Thursday 23 April 2009

Illness

What has illness got to do with writing? you may ask. I will give you an answer in a minute.

I am a person who is very impatient with sickness. My children were sent to school no matter how tired or pale they looked. If they had no temperature they could go to school. Occasionally I would get a phone call from the school, ‘Mrs Martin, your son really is not well. He complains of a headache. He didn’t want lunch. Can you please pick him up.’ Of course I picked him up, and of course by that time he had a temperature. Did I feel guilty for sending him to school? No, because 9 out of 10 times it turned out the other way round, that he was fine once he was at school.

I was never a mother who fussed over her children when they were sick. Okay, I made sure they were neither too warm nor too cold, had enough liquid to drink, but after that I expected them to stay in bed and sleep. For this very reason my children never pretended to be ill, nor did they want to stay at home when they got better. It was just too boring. Sick children weren’t allowed TV or running around, or eating sweets and biscuits.

My husband more or less gets the same treatment when he comes down with flu. I will serve the regular lemon and honey drink and otherwise ignore him.
I don’t seem to possess one ounce of nurse material.

Likewise I don’t like being ill myself. I try not to stay in bed unless I absolutely have to. I resent every day spent without energy, yet I know recovery can’t be forced, no matter how hard I try.
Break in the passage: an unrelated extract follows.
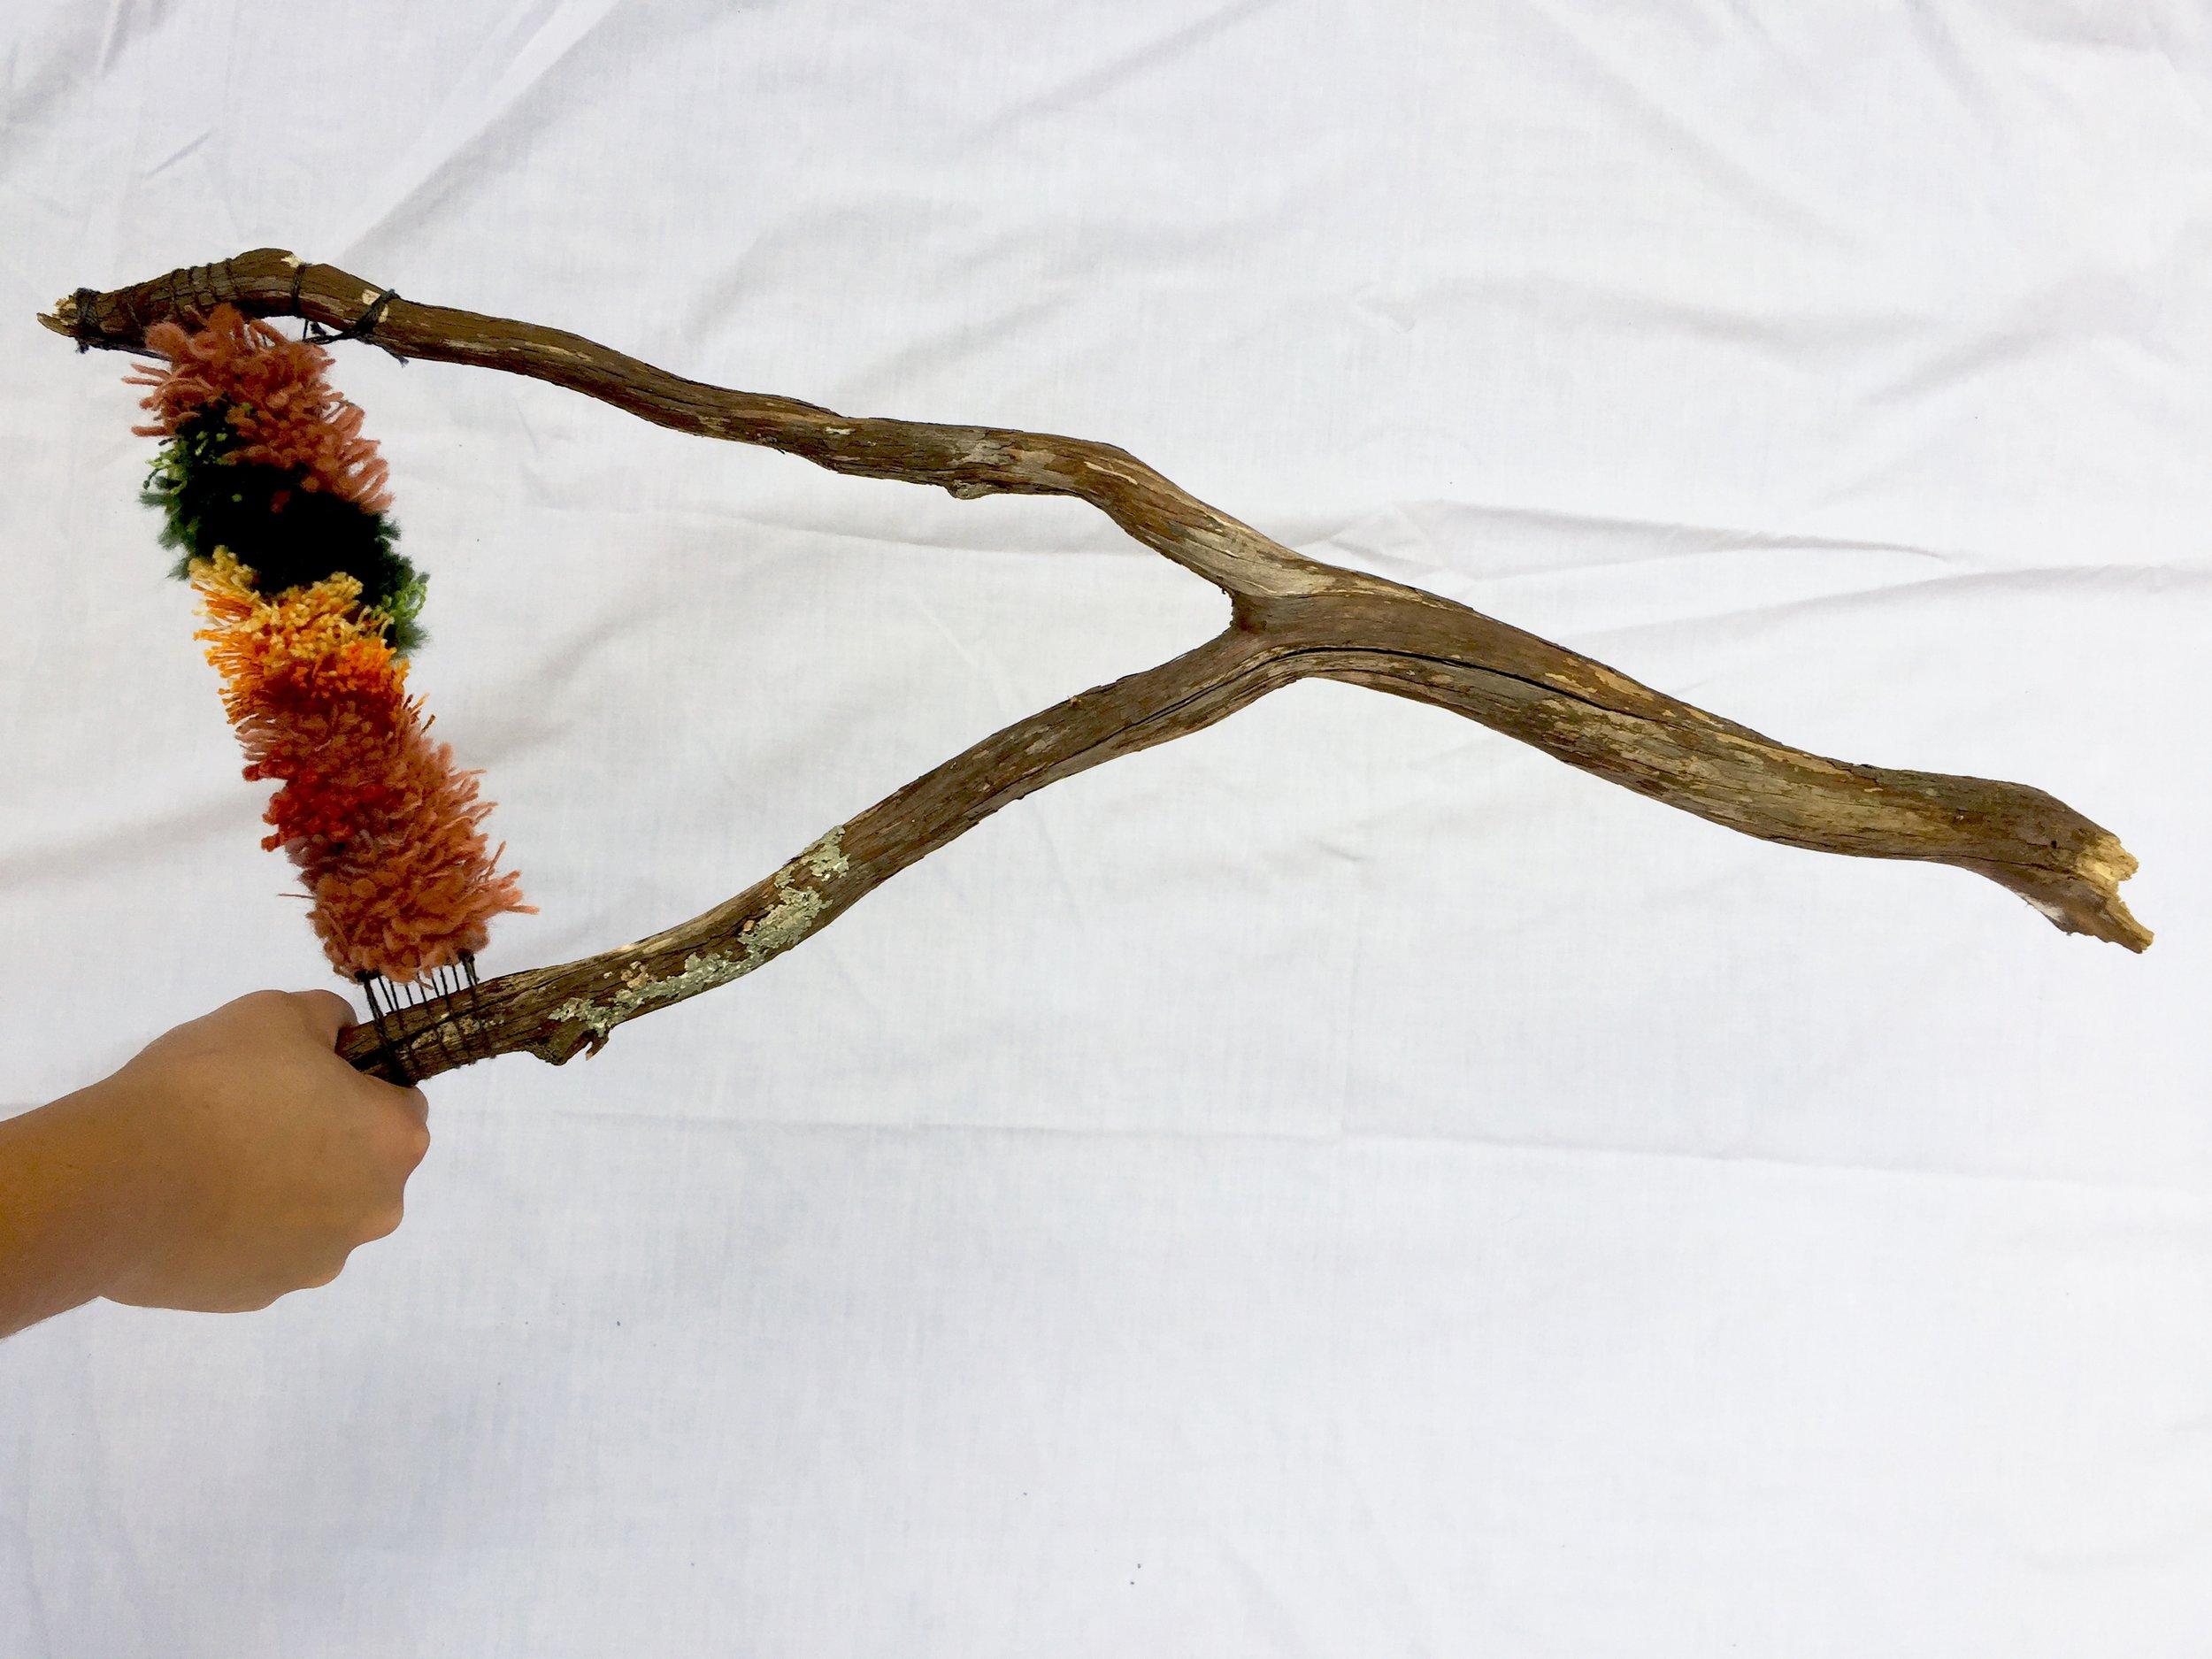 Dowsing Rod, 2017. Wood, various handspun and commercial yarns.

And here comes the answer to the question: What has illness got to do with writing? Sometimes the creative energy is as low as the physical one. I feel sick in a different way, but helpless quite in the same way as if struck down with flu. No matter how much I want to finish that chapter/that story/that novel, it cannot be forced. The character doesn’t let me know what is going to happen next. I have to wait. I can try and force a move-on by engaging in activities that will enhance creativity (in my case I will opt for walking in nature, doing yoga, reading Qur’an, listening to music) but quite often that will only help to calm down my impatience rather than speed up recovery. The advice of many creative writing tutors, to just sit down at the computer and write, even if it is rubbish, doesn’t work for me.

It has just taken me over six years to finish telling the stories of nine of the twenty-five prophets mentioned in the Qur’an. This doesn’t mean that I wasn’t writing other things, but this project had me sick a lot. You can compare it with having an injury. You hurt your ankle while running. The doctor tells you not to run for a while. He tells you to swim or cycle, but no running. You simply have to wait until that ankle is healed.

The waiting, the recovering, the healing, is the most difficult part in writing. It means trusting the creative process, trusting your ability as a writer, and trusting that the story will be told eventually. Just because you are not running now doesn’t mean you won’t be in a month’s time. Keep trying but don’t blame yourself if you fail.